The defendants Crenshaw and Smailes by way of answer admitted taking over the management of the building paying taxes and ground rent, procuring insurance, etc.; in fact contend that the right and power given plaintiff in this behalf is a mere naked agency revocable by the defendants at their pleasure. Defendants, however, deny any present or intended interference with the plaintiff's right to possession of the second floor for the twenty-year term free of rental. They further allege that plaintiff has failed to properly manage the building and has been guilty of wilful misconduct. They allege their full compliance with the terms of the original ground lease from Stolls to the Hotel Company, and deny any interference on their part with the right of plaintiff to have the building known as and called Lane Mortgage Building. They allege further that plaintiff's right to manage the building and collect rentals, etc., was solely to secure to it the payment of a bond issue on the building, and allege further the payment of all sums due under the issue. Defendants affirmatively allege that the contract between Hotel Company and plaintiff, in so far as the agency features are involved, was without consideration, and further plead that the consideration supporting the leasehold interest being wholly as payment or bonus for a loan was usurious.

After a trial upon the issues the court below made its findings of fact and entered judgment denying plaintiff any injunctice relief, and declining to enter or make any declaration of the rights of the respective parties under the Hotel Company lease to plaintiff.

It will be unnecessary to detail all of the trial court's findings, but sufficient thereof may be given to amplify the respective contentions.

The court found as a fact and likewise drew its conclusion of law that the agency in favor of plaintiff set forth in said contract of December 31, 1921 (being the contract and lease agreement between the Hotel Company and Lane Company), is not coupled with any interest that plaintiff has or claims in the Lane Mortgage Building.

The trial court made another finding to the effect that the attention of the court had been called to the fact that there is another action pending in the superior court of the state of California, in and for the county of Los Angeles, by and between the same parties to the present action, wherein issue is raised as to the true consideration for said contract of December 31, 1921, and the court, decreeing a finding of fact on that issue not necessary or material for a decision herein, makes no finding of fact as to the true consideration for said contract or as to whether the consideration recited in said contract of December 31, 1921, is or was the true consideration therefor.

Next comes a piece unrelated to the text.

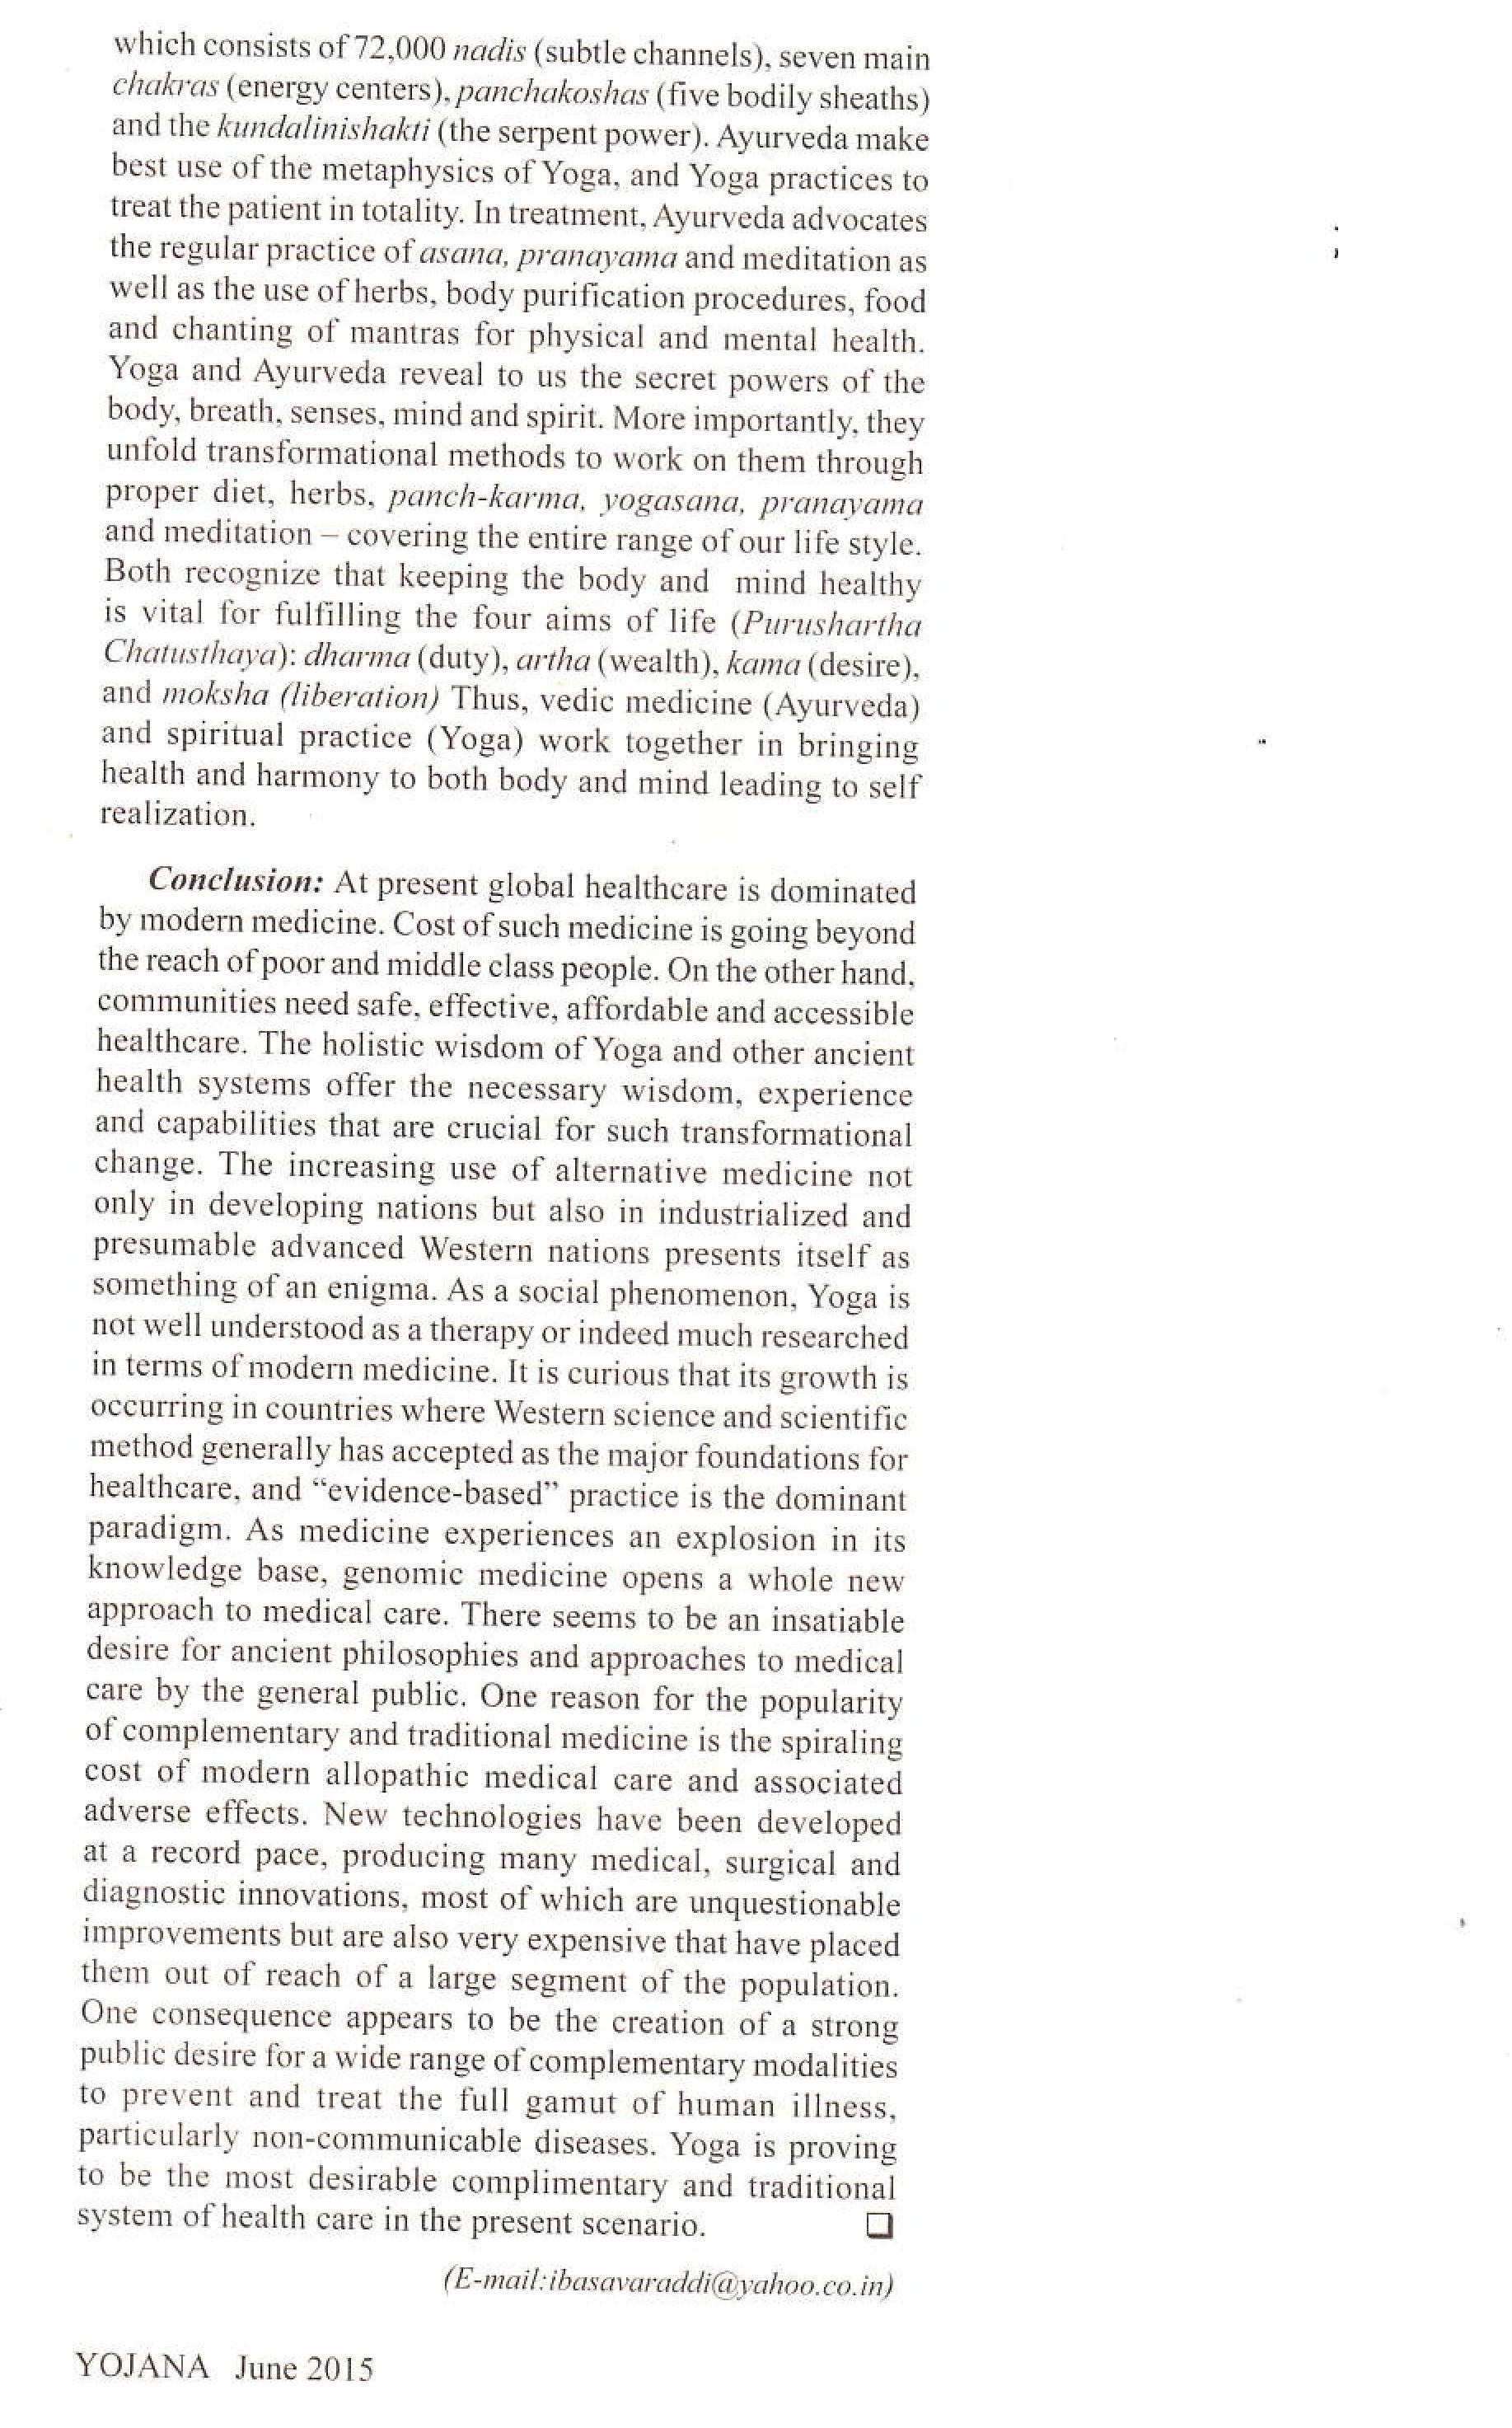 yojana june 2015 Yojana magazine january 2015- june 2015 pdf download october 8, 2015 xaam org share this on whatsapp january february march april may june : source: new feed.

Still further the court finds "that the agency created in favor of plaintiff under the contract of December 31, 1921, to manage said Lane Mortgage Building was not given or entered into for the purpose of protecting any interest plaintiff now has or claims to have in said building, and was not given for any purpose other than the protection of the indebtedness evidenced by said $200,000.00 (two hundred thousand dollars) bond issue made by the Hotel Company and referred to in the agreement, and which said bond issue was fully paid and discharged on or about April 1, 1923; that the termination of plaintiff's agency for the management of said building does not and will not injure, depreciate or in anywise affect any interest or interests which plaintiff has or claims to have in said building."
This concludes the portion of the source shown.